第29推活 王への子守唄ってコト?!

「こいつはアレを使わないと__」


「ダメです、それにラスボス前ですよ。私を頼ってください! 桃さん、美希さんをお願いします」


「おけ、まかせて!」


「桃、くるぞ!!」


ミミが美希を桃の後ろに下ろそうとした時、ギガントジャイアントは鉄塊の棍棒を振り下ろしてきた。剣で受ければ折れてしまうかもしれない。しかし、移動する余裕はない。
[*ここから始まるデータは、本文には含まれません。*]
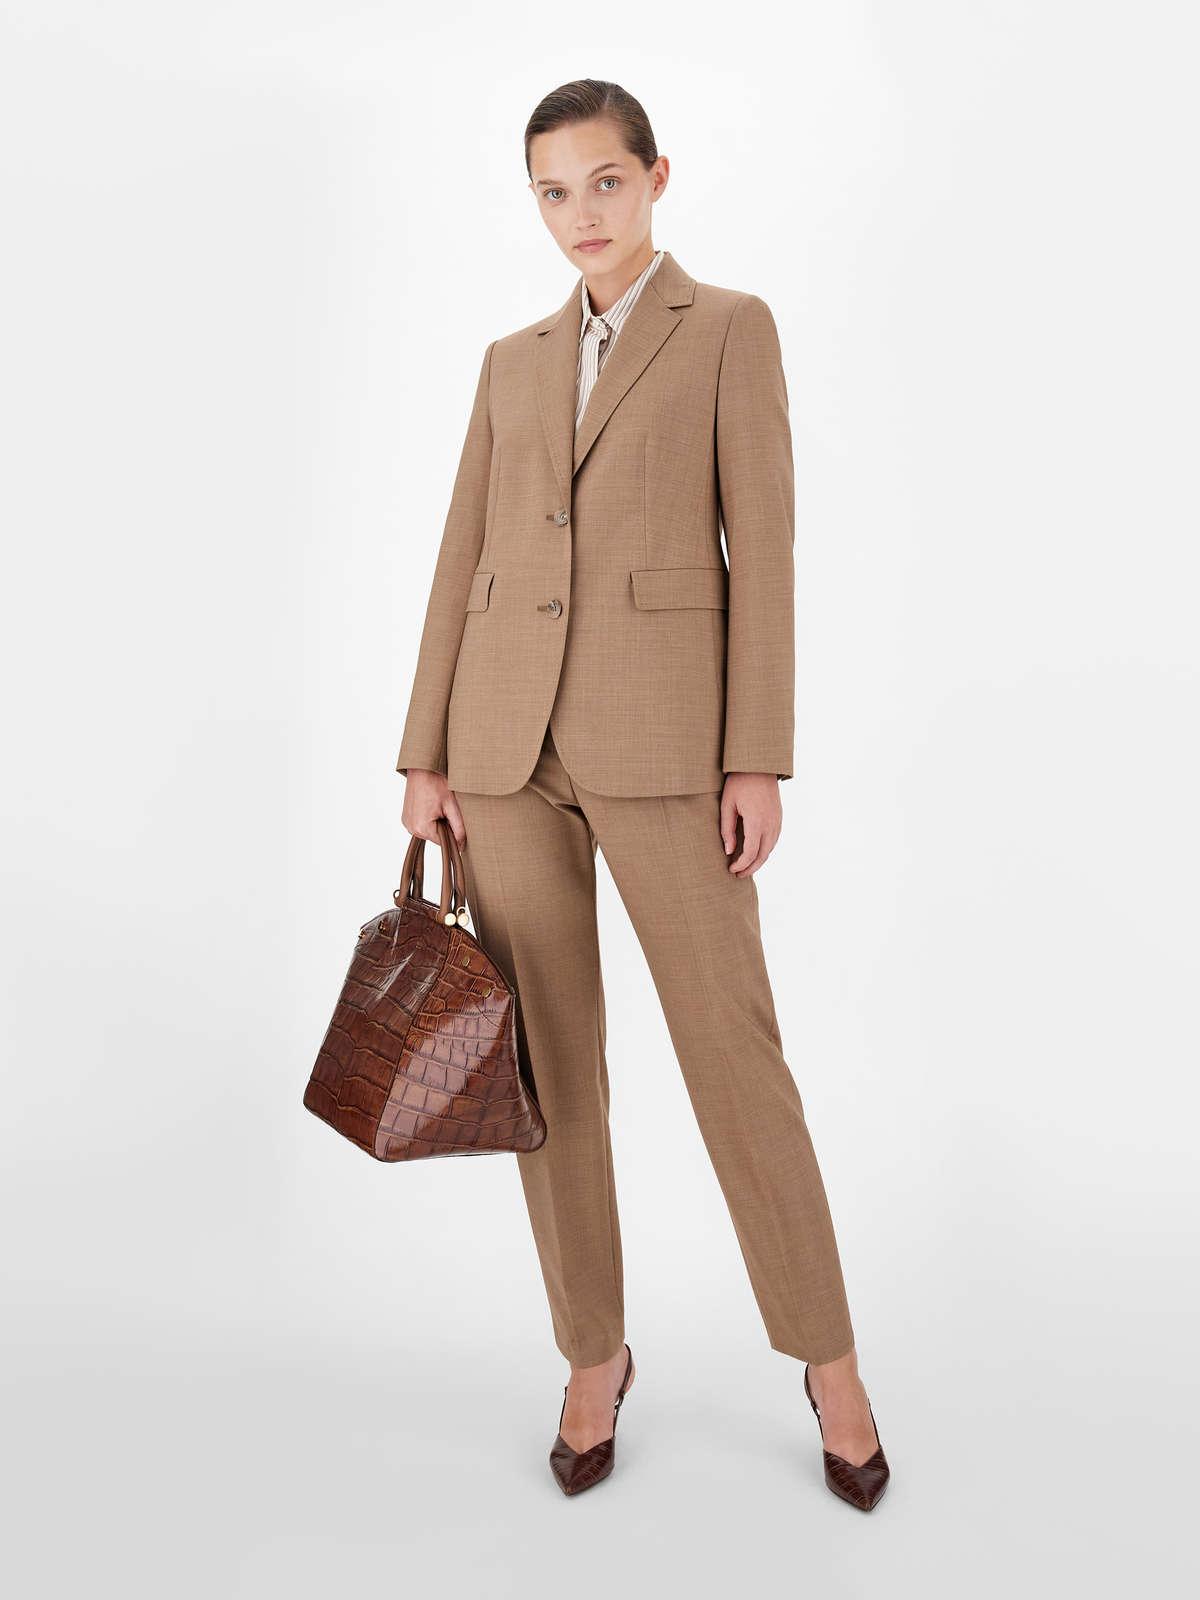 Pantaloni in tela di lana - Max Mara
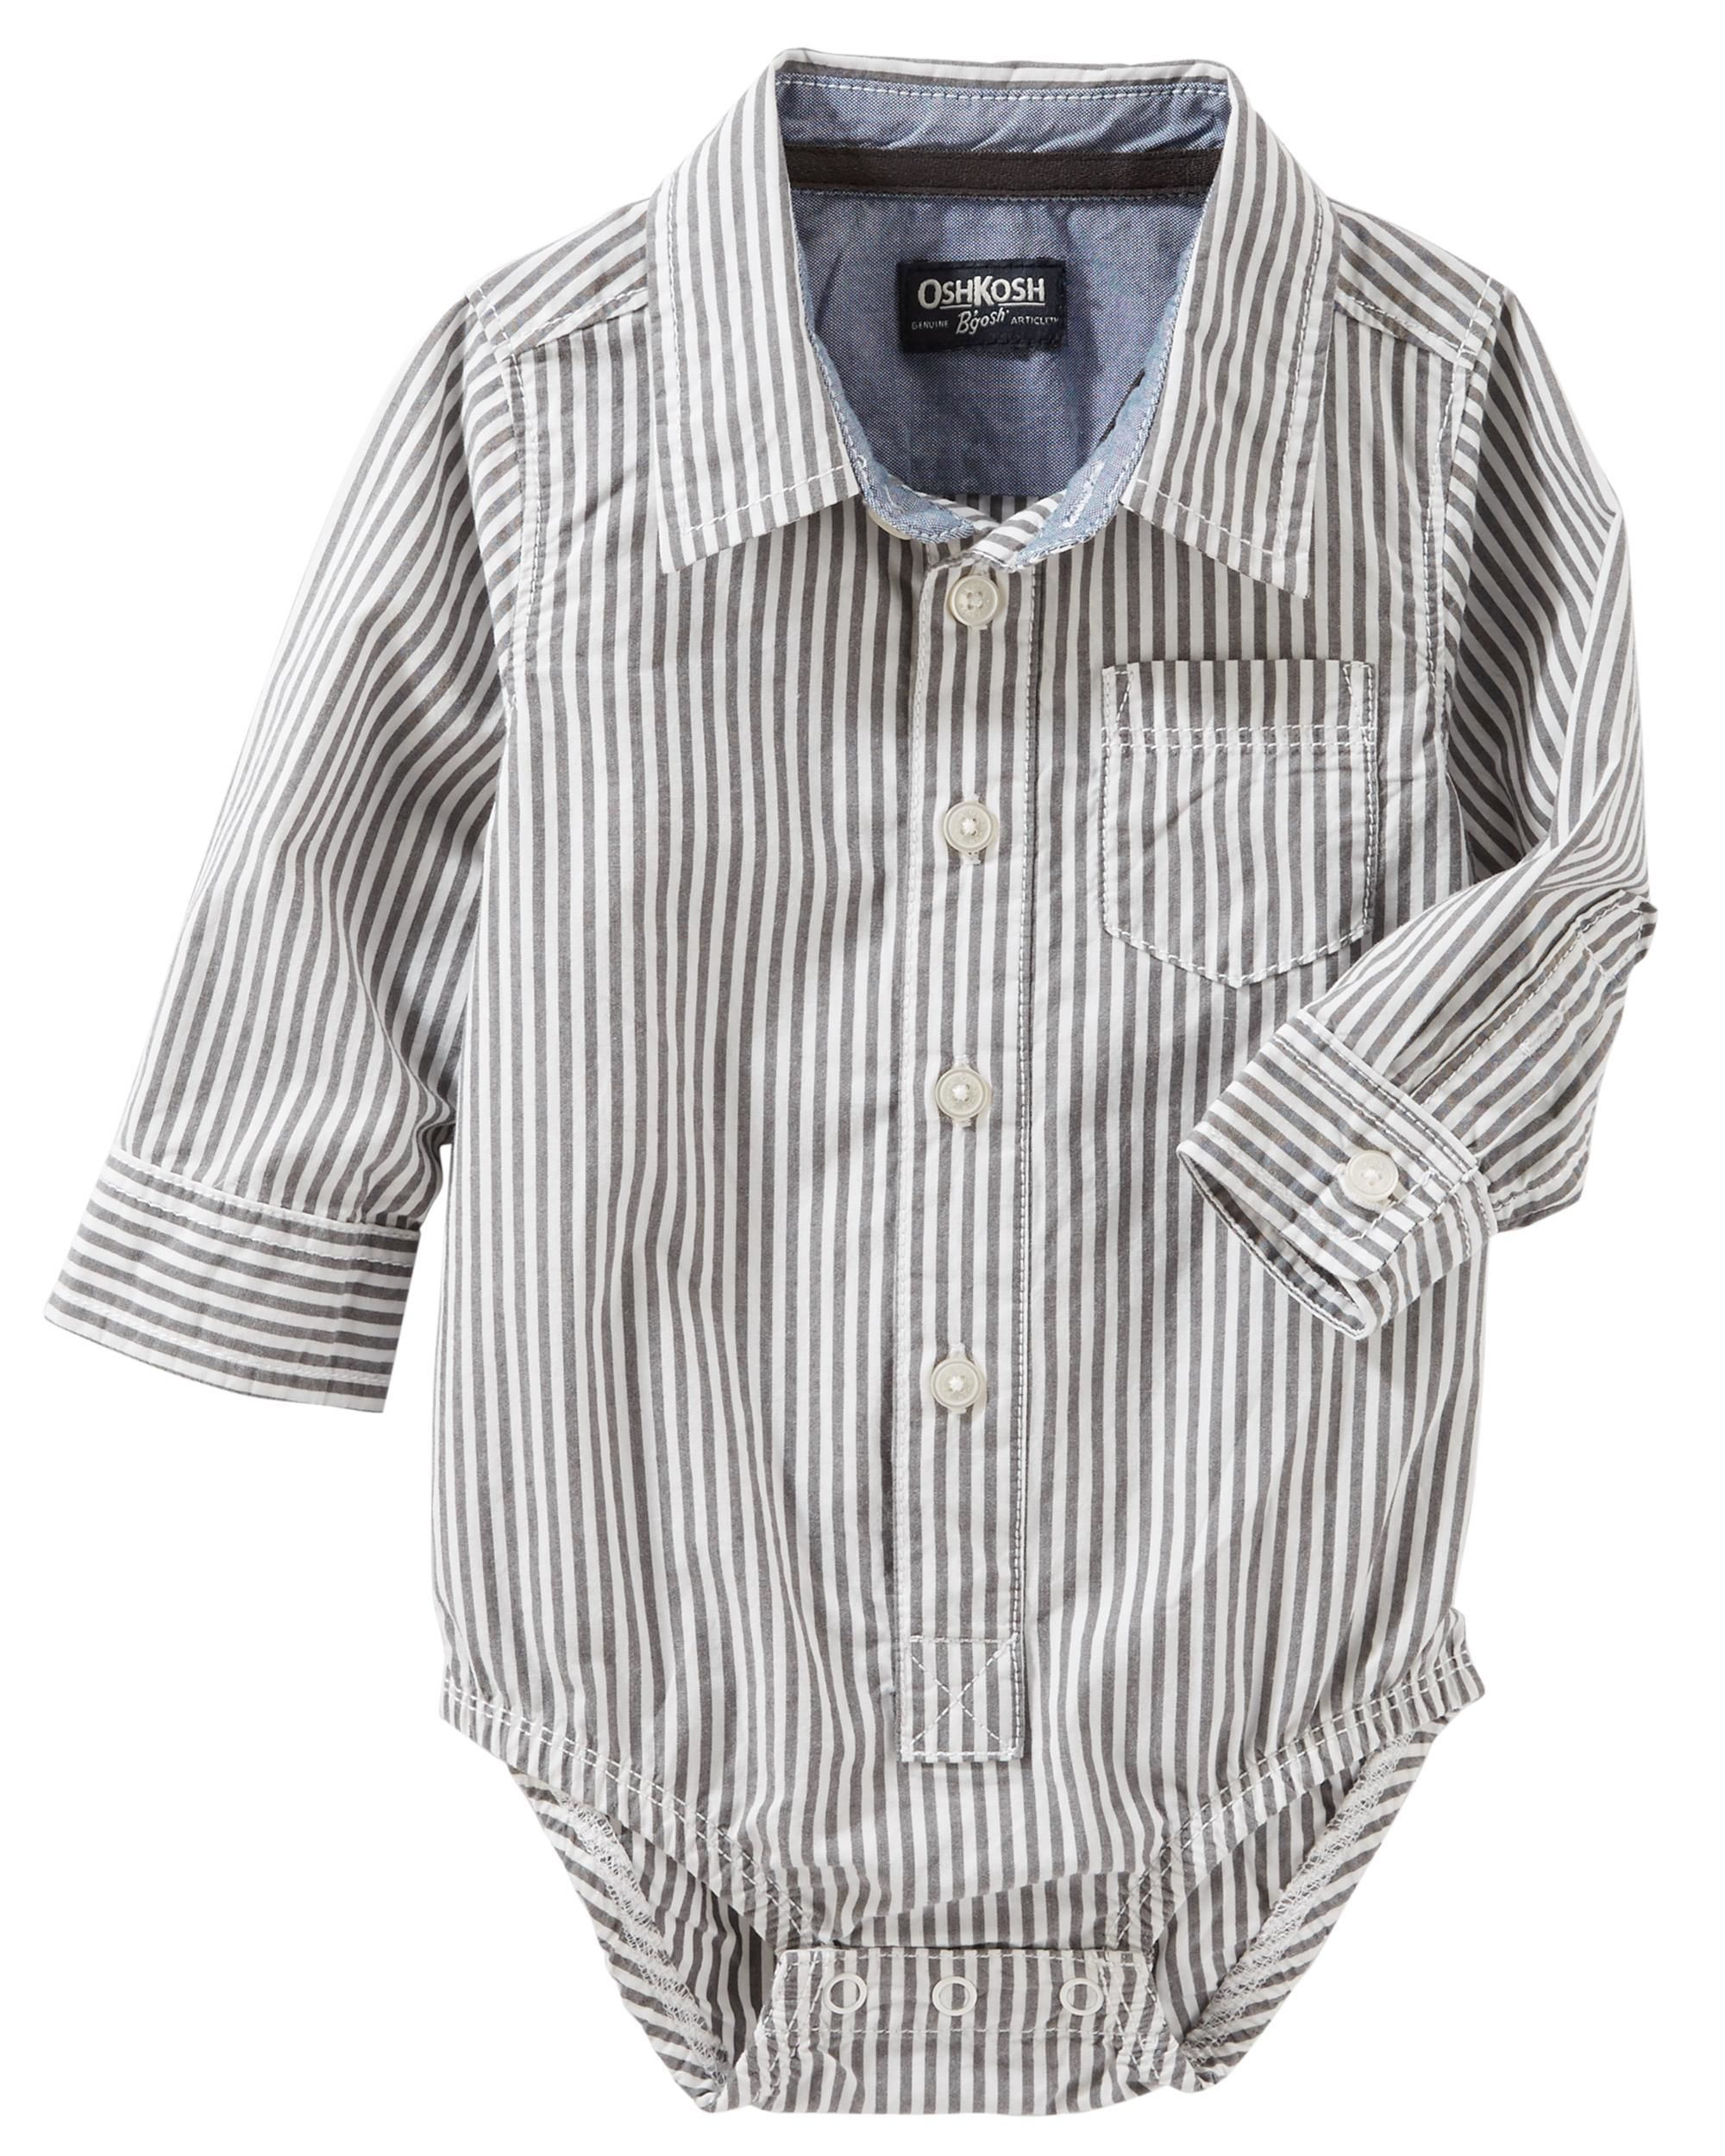 bf02f0b7 Toddler White Dress Shirt Bodysuit   Kuenzi Turf & Nursery

スキルで可能な限り弾いてみようとしたところで、桃がスキルを叫んだ。


「【鉄壁の守護+3】」


桃の盾の前にさらに巨大なエネルギー体の塊が現れて、空中で盾の形を成した。鉄塊は弾き返される。


「ナイスだ!」


俺はエレメントソードに雷をエンチャントし、敵の軸足に刃を突き刺す。それだけでは大したダメージは入っていないが__


「【回転切り+3】」


コマのように回転しながらギガントジャイアントの軸足を雷撃の剣で削っていく。肉を削がれ、ギガントジャイアントは低い悲鳴をあげながら膝をついた。 

ミミがその隙に後ろに回り込む。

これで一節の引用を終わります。